5.2.– Quanto infine all’ultimo periodo del comma 24-bis, esso stabilisce un criterio di priorità «per l’attuazione dei processi assunzionali consentiti», disponendo che le amministrazioni pubbliche interessate attingano prioritariamente ai lavoratori a tempo determinato in regime di proroga, «salva motivata indicazione concernente gli specifici profili professionali richiesti». Vi è dunque una preferenza espressa dal legislatore statale, derogabile da quello regionale.
Nel dare un’indicazione in termini di “priorità” rispetto ai lavoratori da assumere, infatti, il legislatore statale non pone vincoli rigidi, ma lascia alle singole amministrazioni la scelta in ordine alle assunzioni da operare, con la sola richiesta di motivazione, ove necessitino di profili professionali specifici.

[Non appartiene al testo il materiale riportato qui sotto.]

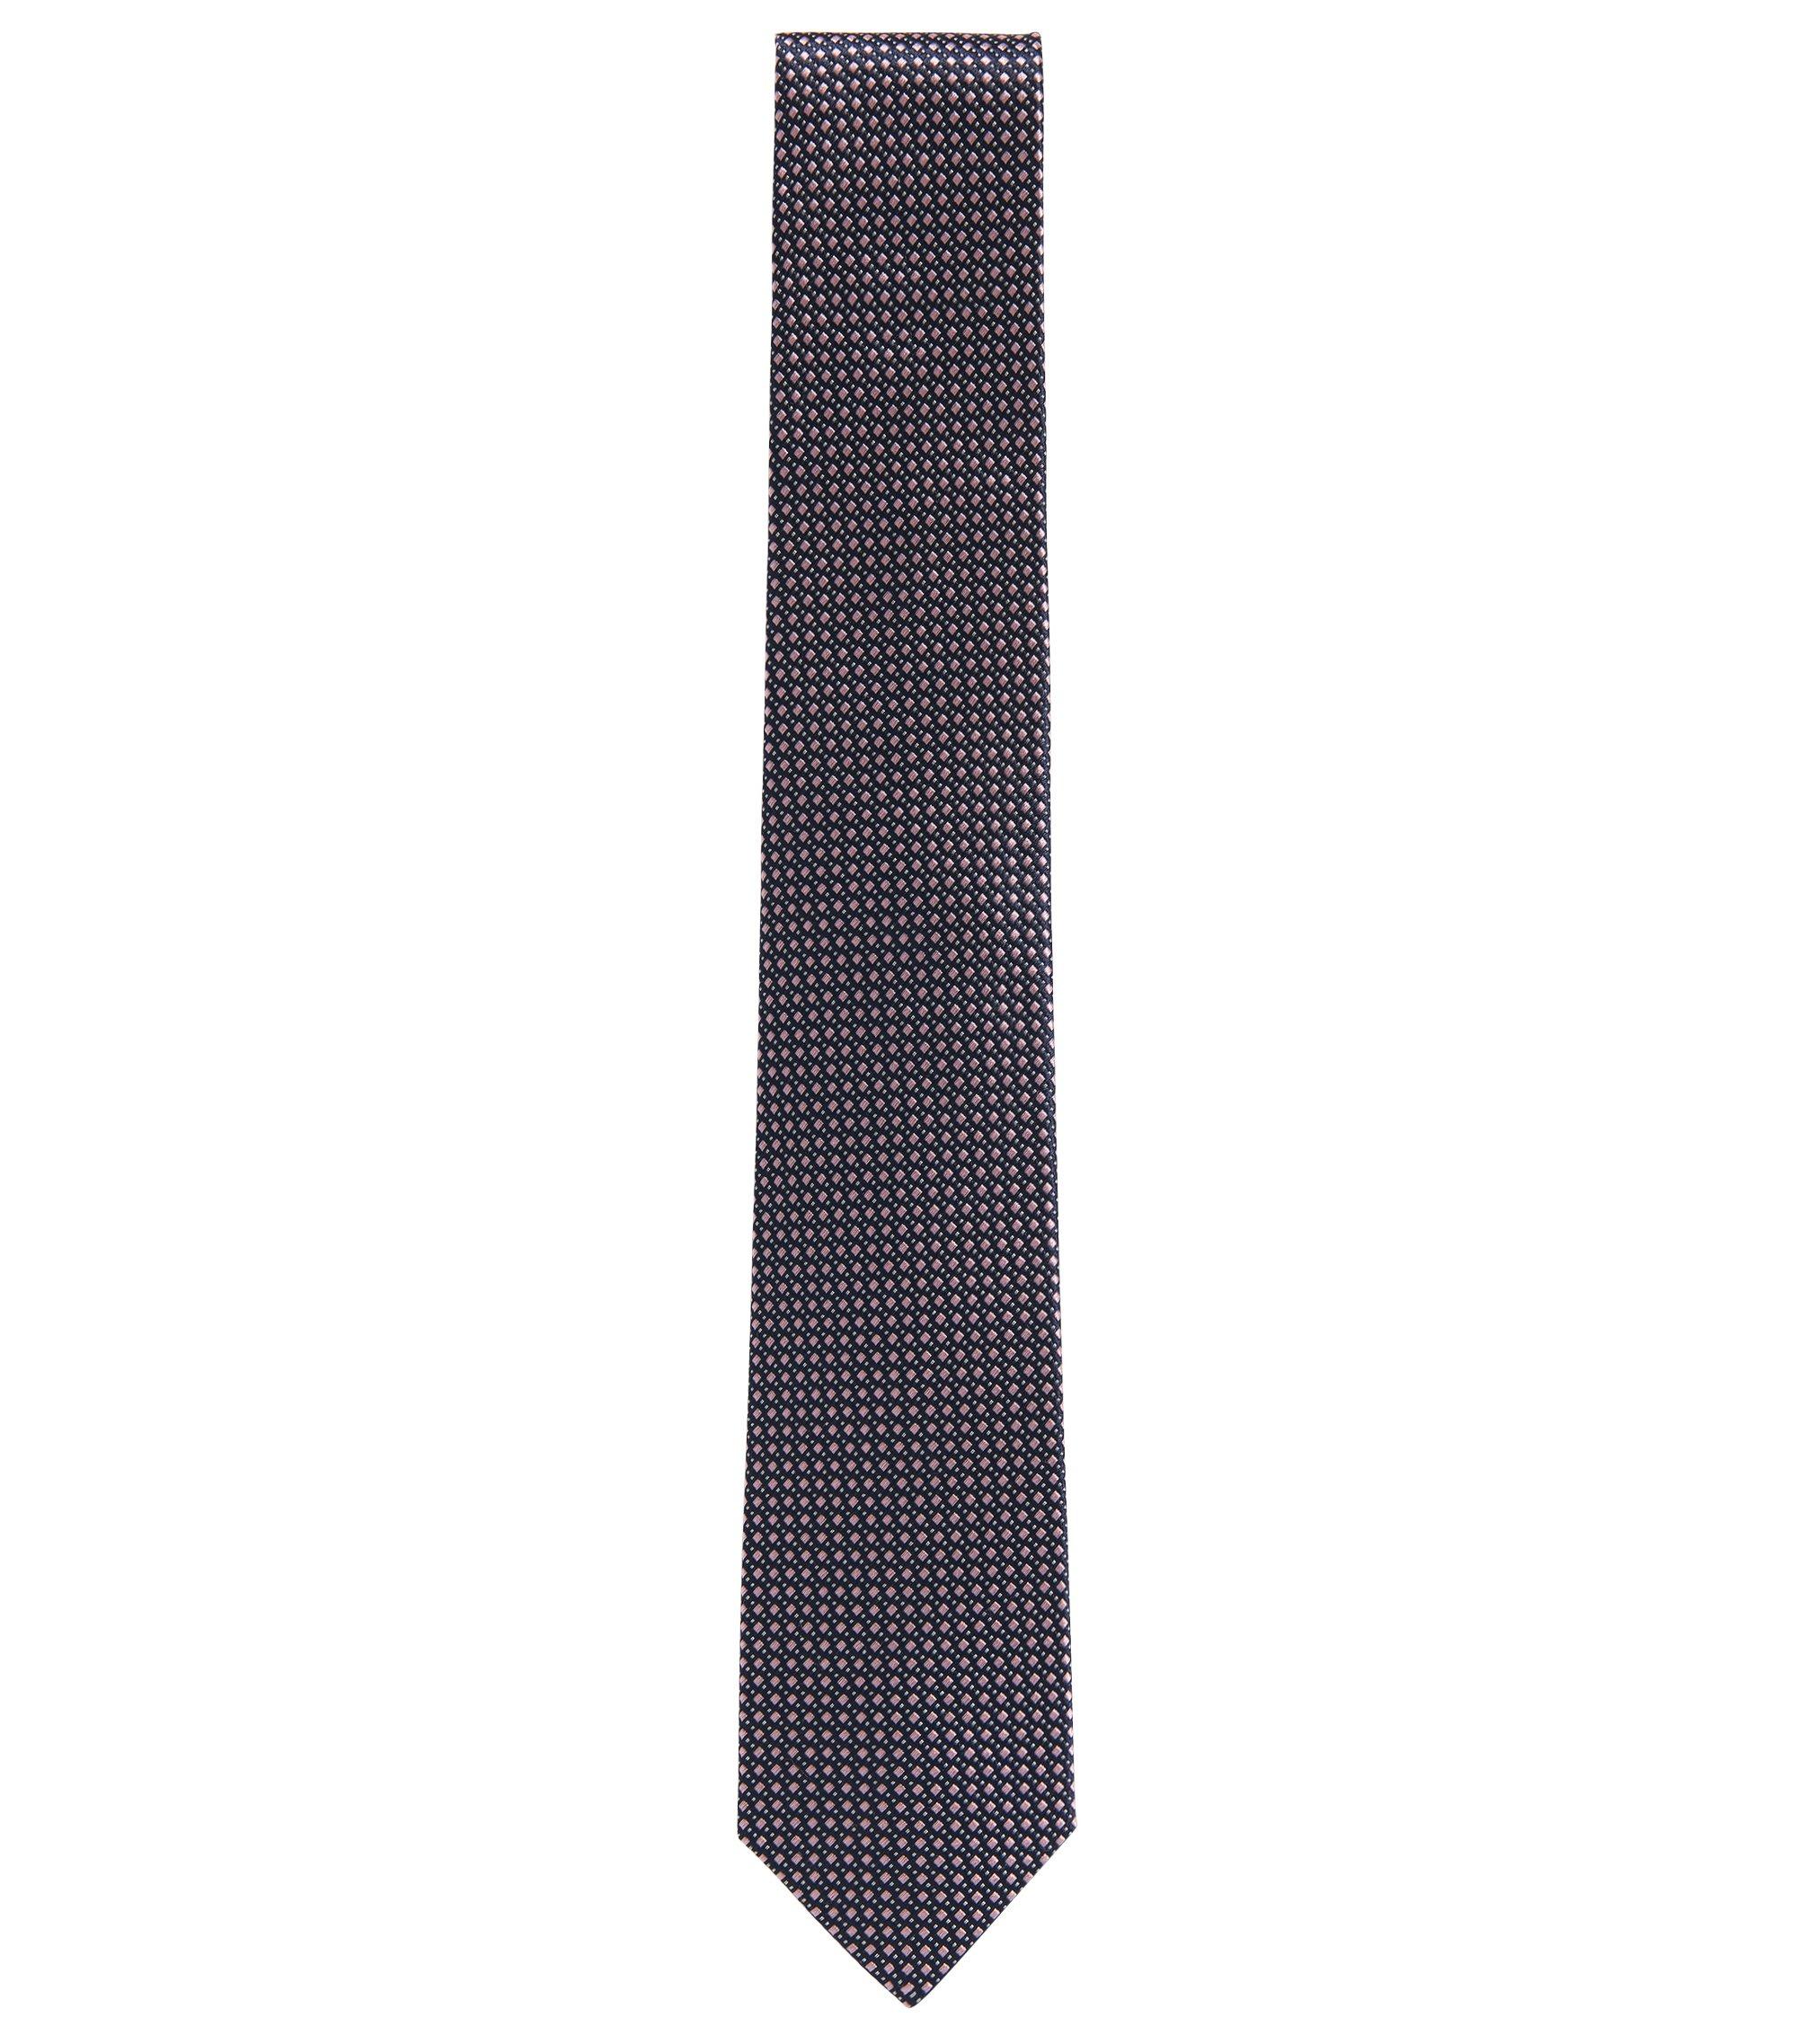 Cravate jacquard confectionnée en Italie, en soie à motif , Rose clair

Pertanto, non si tratta di una norma di dettaglio, ma di una norma che prescrive un criterio generale e impone di motivare le eventuali determinazioni regionali difformi da tale criterio.


per questi motivi
LA CORTE COSTITUZIONALE
riservata a separate pronunce la decisione delle ulteriori questioni di legittimità costituzionale promosse dalla Provincia autonoma di Bolzano con il ricorso indicato in epigrafe;
dichiara non fondata la questione di legittimità costituzionale dell’art. 14, comma 24-bis, del decreto-legge 31 maggio 2010, n. 78 (Misure urgenti in materia di stabilizzazione finanziaria e di competitività economica), convertito, con modificazioni, dall’art. 1, comma 1, della legge 30 luglio 2010, n. 122, promossa, in riferimento all’art. 8, primo comma, numero 1), e al Titolo VI del d.P.R. 31 agosto 1972, n. 670 (Approvazione del testo unico delle leggi costituzionali concernenti lo statuto speciale per il Trentino-Alto Adige), dalla Provincia autonoma di Bolzano con il ricorso indicato in epigrafe.
Così deciso in Roma, nella sede della Corte costituzionale, Palazzo della Consulta, il 7 aprile 2014.
F.to:
Gaetano SILVESTRI, Presidente
Giuliano AMATO, Redattore
Gabriella MELATTI, Cancelliere
Depositata in Cancelleria il 10 aprile 2014.